Just noticed these in a grocery store. What would people use these for? I Don’t think of this area as having gourmet cooks.


----------



## Bud9051 (Nov 11, 2015)

Interesting. Can't judge the size but looks like maybe 6 would be need for my 3 egg omelets.
How about duck or goose eggs, they sell any of those?

Bud


----------



## wooleybooger (Feb 23, 2019)

Fresh quail?


----------



## Startingover (Apr 18, 2012)

Daughter, obsessed with the Great British baking show said she has seen them put a quail egg on top of quiche or on top of a muffin.
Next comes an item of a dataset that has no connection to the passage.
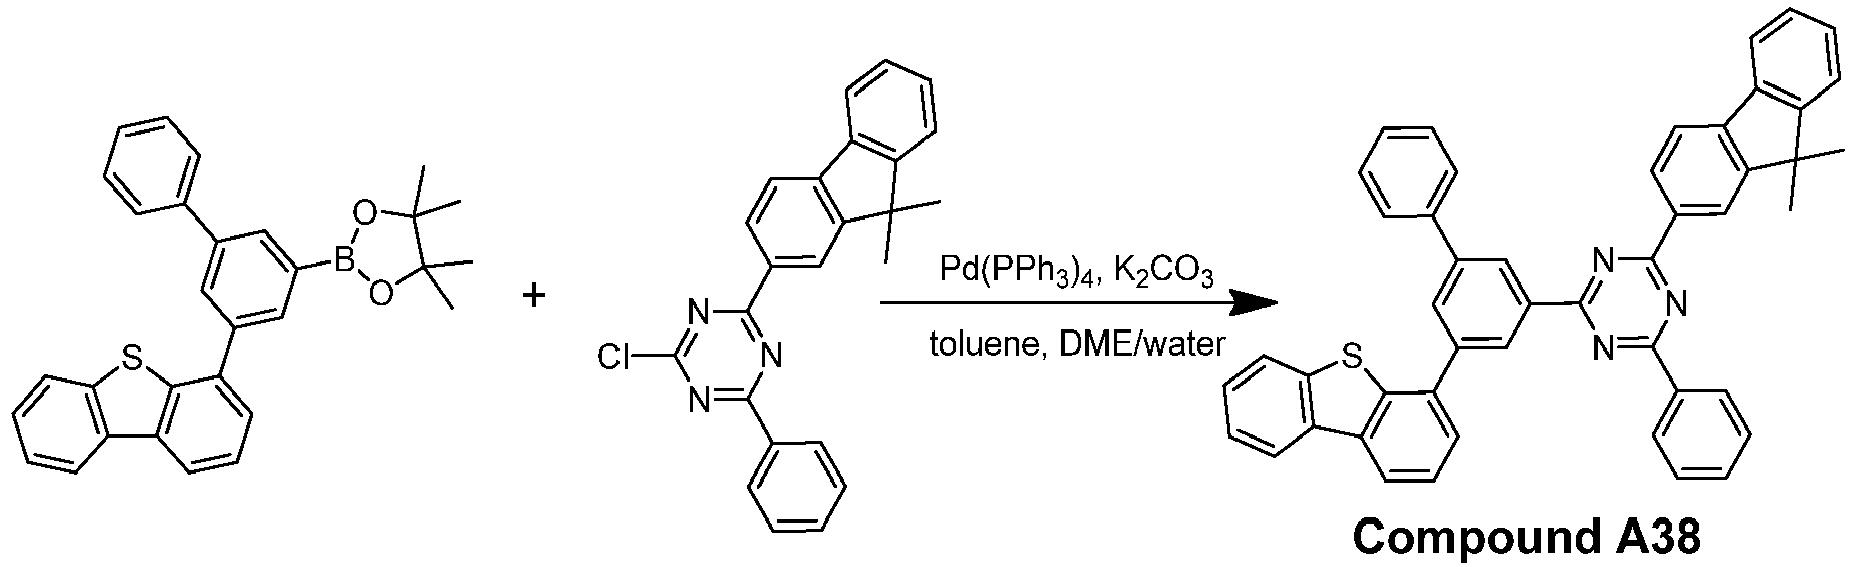 Figure imgb0347

I know this doesn’t make sense but I would feel guilty eating a little quail egg. Kind of how I’d feel if I put like robin egg on top of a muffin. 😞


----------



## John Smith_inFL (Jun 15, 2018)

my wife and I have had quail off and on for the past 6 years.
the eggs are too small for me to mess with - I just don't have the patience.
this last batch we started off with 14 babies and they start laying around 4-6 weeks.
the males quickly end up in the freezer when they are big enough to harvest.
my wife prepares quail eggs several ways, none of which I have a hankering for.
to me, they taste the same as chicken eggs - so why bother.
sometimes I will put the boiled eggs on a salad just for the looks of presentation.
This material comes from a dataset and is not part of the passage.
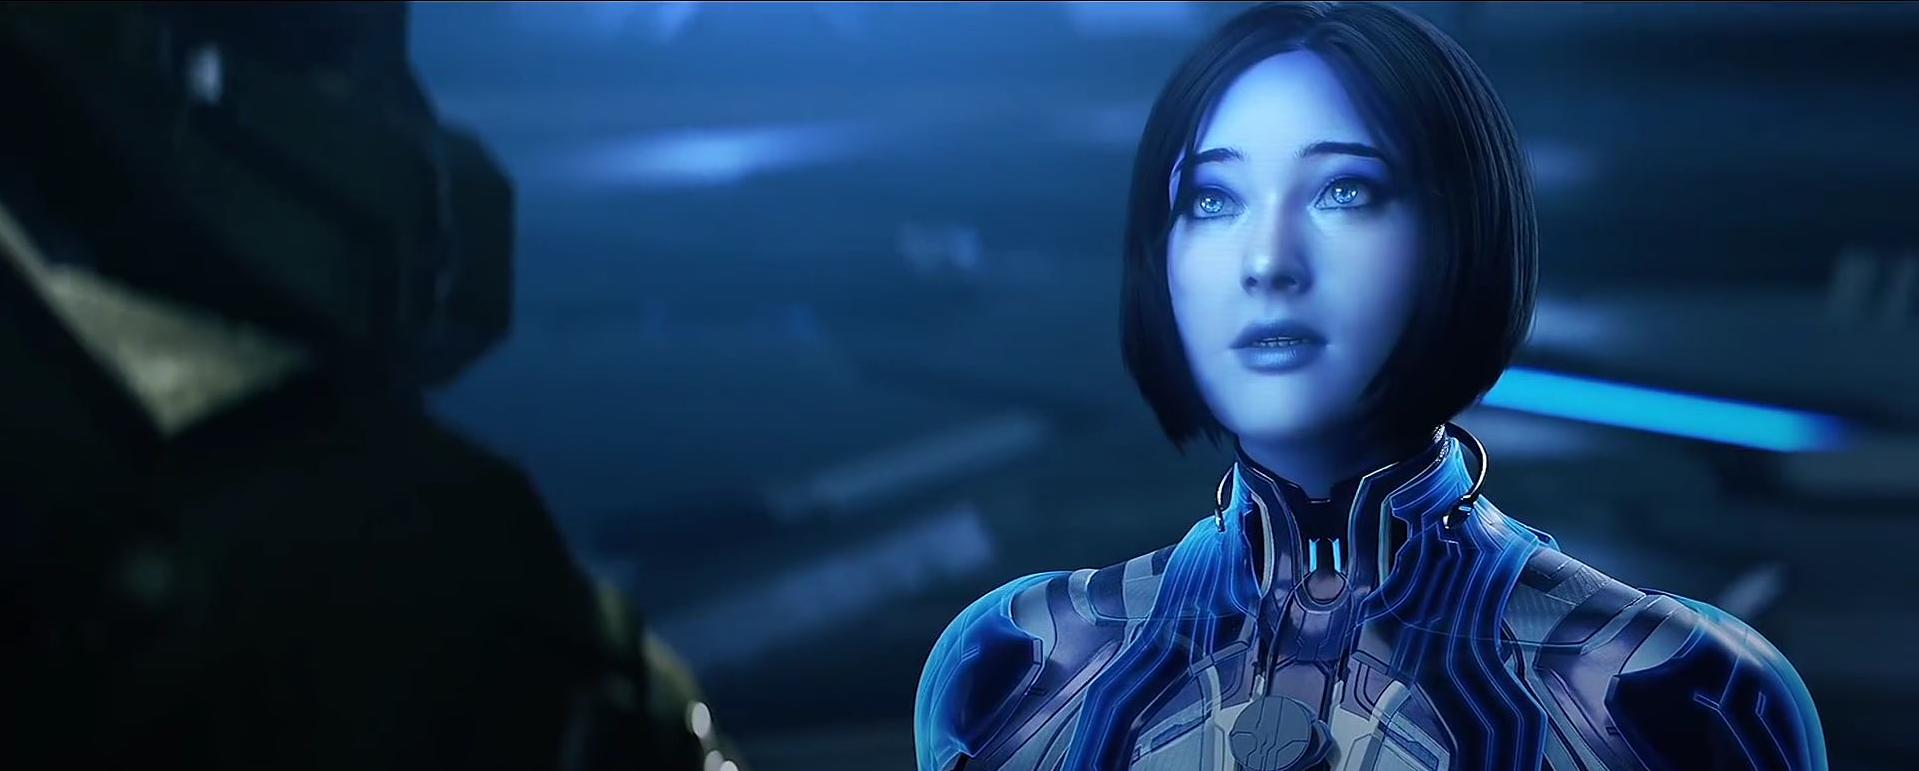 Halo 5 cortana porno hentai bizarre sexygirls

*I like the high-sided plates to keep my Ranch Dressing from running off onto the table.

.*


----------



## Knucklez (Oct 21, 2007)

we feed our dogs Quail eggs and they freak'n love it. shell and all.


----------



## J. V. (Jun 1, 2007)

Quail eggs are for presentation. Its secondary that they are edible.


----------



## Old Thomas (Nov 28, 2019)

Why did I think of Dan Quayle? As I recall he laid plenty of eggs.


----------



## Startingover (Apr 18, 2012)

Old Thomas said:


> Why did I think of Dan Quayle? As I recall he laid plenty of eggs.


Now I have to look up Dan Quayle and see what he’s been up to lately. I don’t even know if hes still alive. Ha. I remember the “potatoE” episode.


----------



## Old Thomas (Nov 28, 2019)

Yeah Dan had many memorable moments.


----------